Academic integrity is taken very seriously in the collegiate world, especially here at FSU. Breaches of this policy are often met with lingering repercussions, forever bound to a student’s academic record. Moreover, many professors will pursue action against an offender to the highest punishable degree possible. So, why did Eric Stewart, a criminology professor here at FSU, allegedly do just that within his own scholarly research?
Eric Stewart’s research work primarily examines social issues such as critical race theory, youth violence and outcomes, and the impact of crime. Six of his published studies have been retracted following allegations of falsified data for motivated outcomes. These allegations have followed Stewart as far back as a 2006 publication that raised suspicions of data manipulation.
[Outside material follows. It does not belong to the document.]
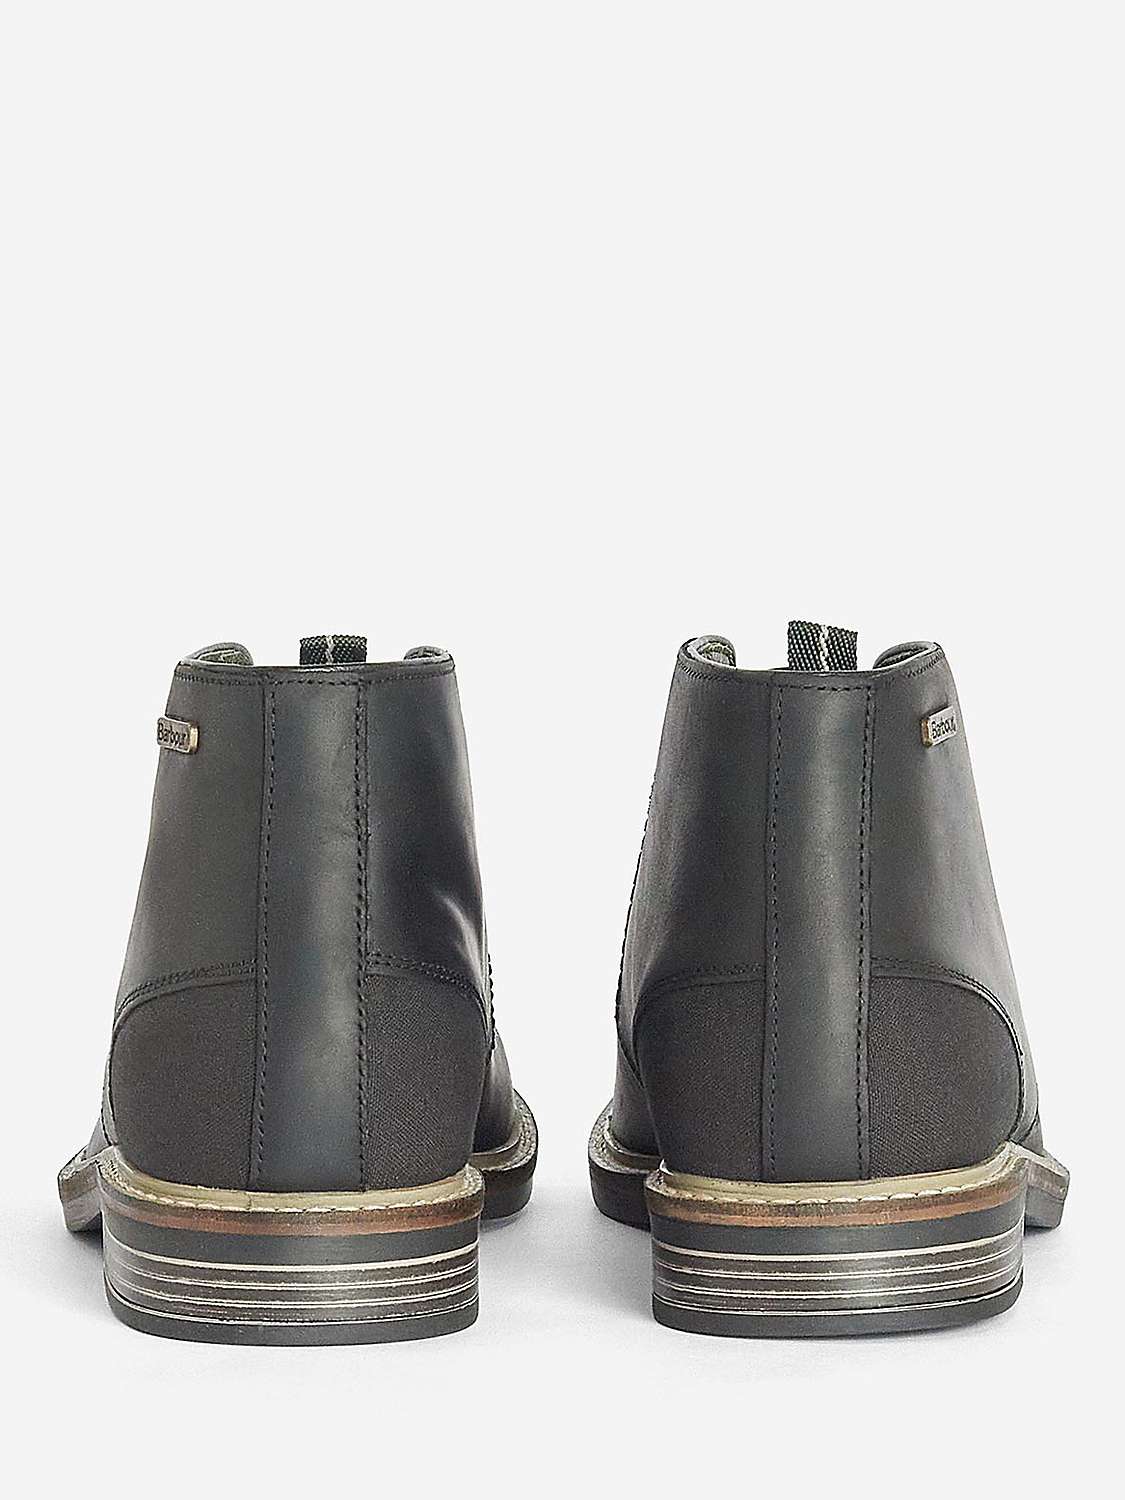 Buy Barbour Redhead Lightweight Chukka Boots Online at johnlewis.com

An article published in December of 2022 condemns the university’s lack of action following the news of Stewart’s latest breach of merit. Nearly five months after the article’s publication, Stewart has since abandoned his professorial occupation at Florida State earlier this month following the accusation that he manipulated findings to make racism appear more prevalent than his original numbers reported.
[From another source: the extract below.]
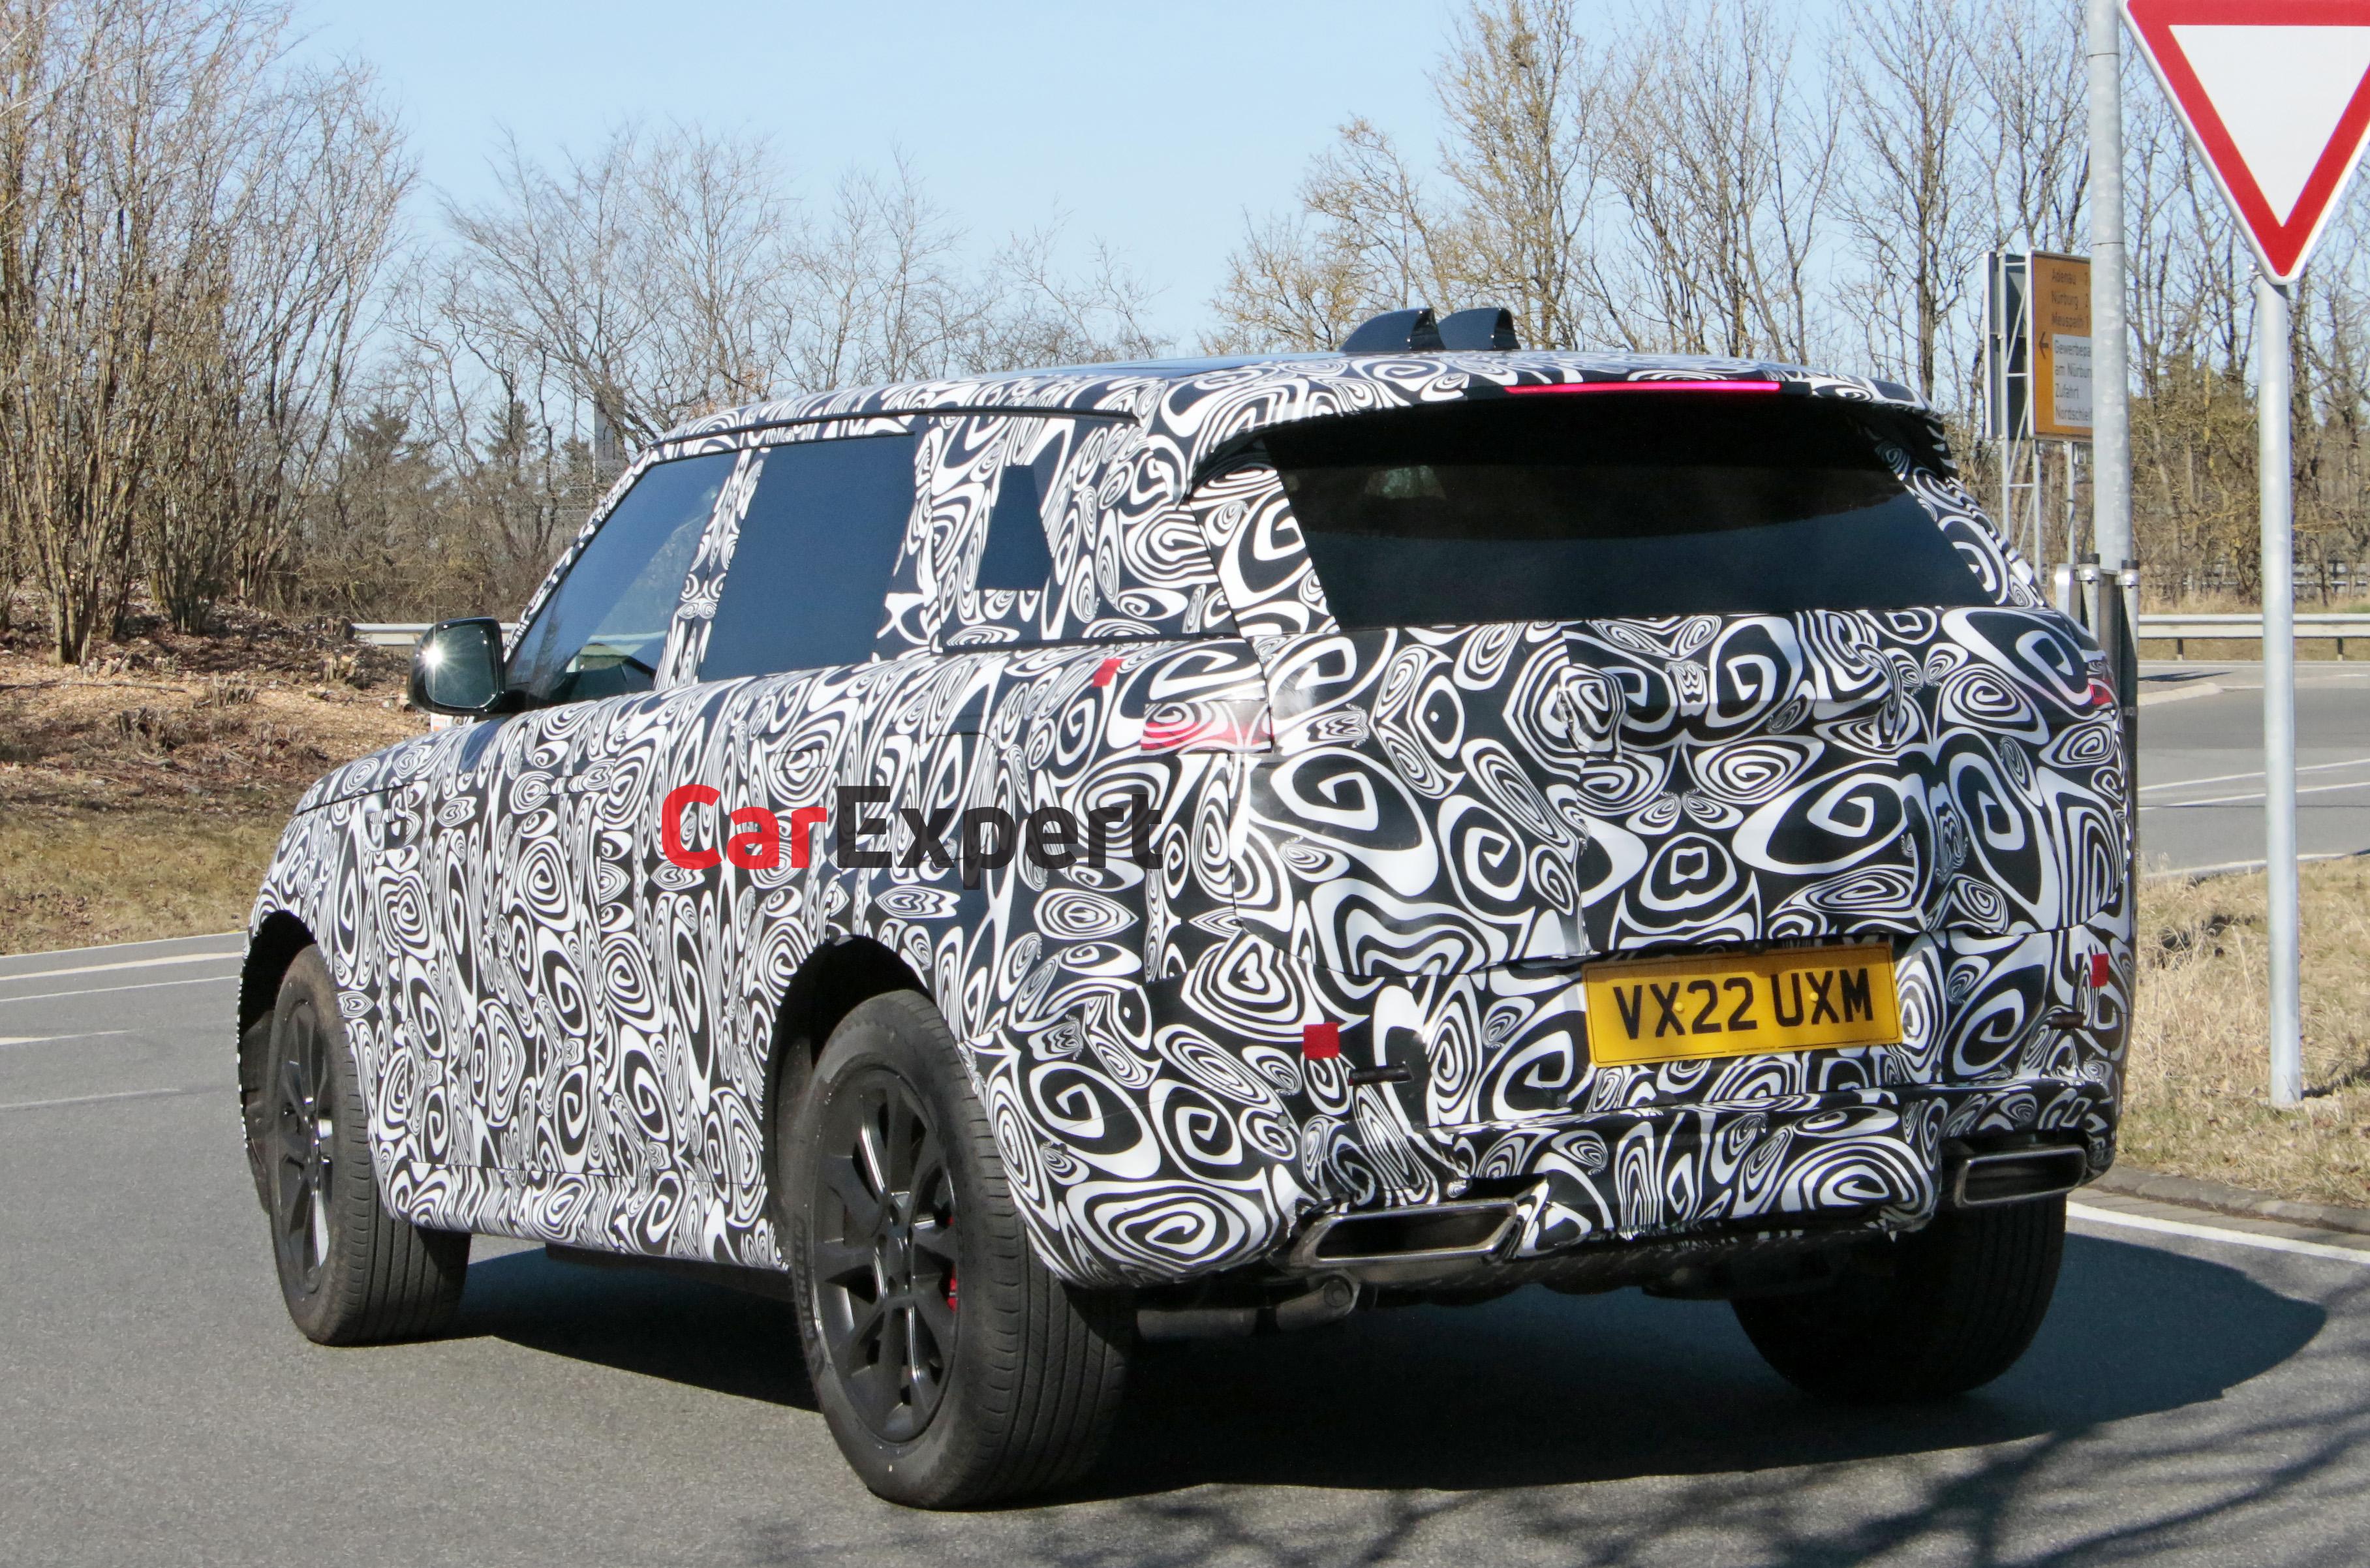 2023 Range Rover Sport spied with less camouflage

The first person who called the public’s attention to Stewart’s possible deception was a previous colleague who worked alongside him on the research for one of the falsified projects. Justin Pickett, a criminology professor at the University of Albany, publicly stated in 2011 that the research findings did not feature a great enough statistical significance to draw a relationship between race and extended length of criminal sentences.
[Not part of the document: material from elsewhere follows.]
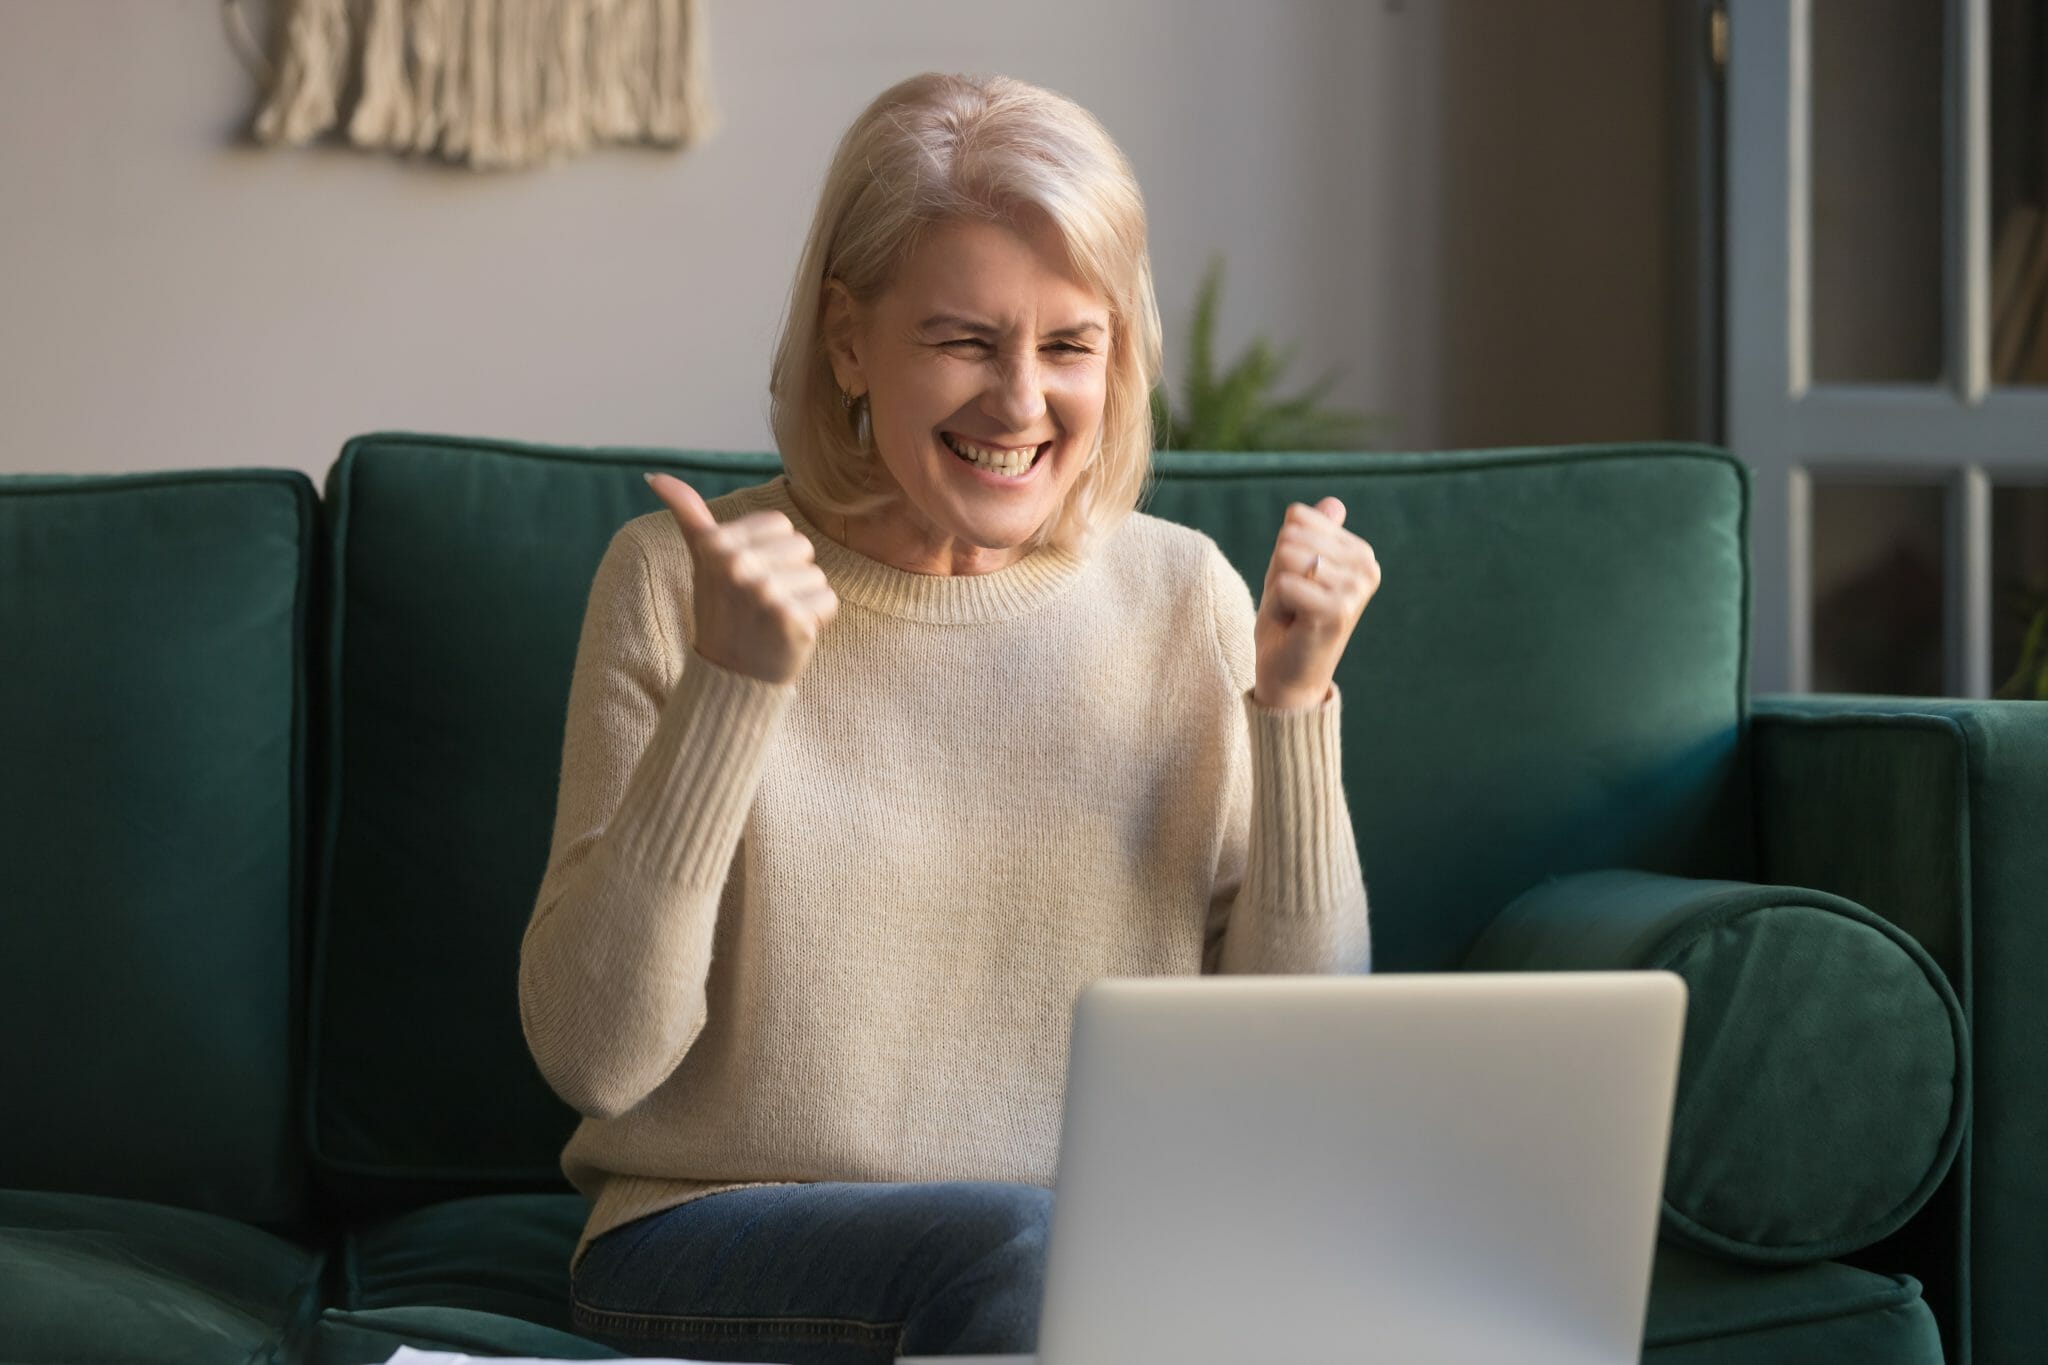 Woman giving herself a thumbs up while looking at a laptop

Pickett’s complaint was looked into following four other allegations against other studies published by Stewart. Two of the three people on the committee tasked with looking into the issue had worked on other studies with the professor. The committee concluded that there wasn’t enough evidence to identify fraudulent actions and that Stewart was to retract the study.
With Florida State being a top research university in the nation, it seems surprising to me that 1) Stewart was not punished after the first offense, 2) professor-published research is not fact-checked on an effective level, and 3) his continued employment was allowed considering the tarnish his alleged dishonesty will have on the esteemed research reputation of the school.
Not only do Stewart’s actions raise awareness of the likely prevalent issue of research manipulation, but also raise questions regarding the integrity of upper-level institutions and how they will act in these ethically-complex situations. It appears that FSU has not yet made an official statement on Stewart.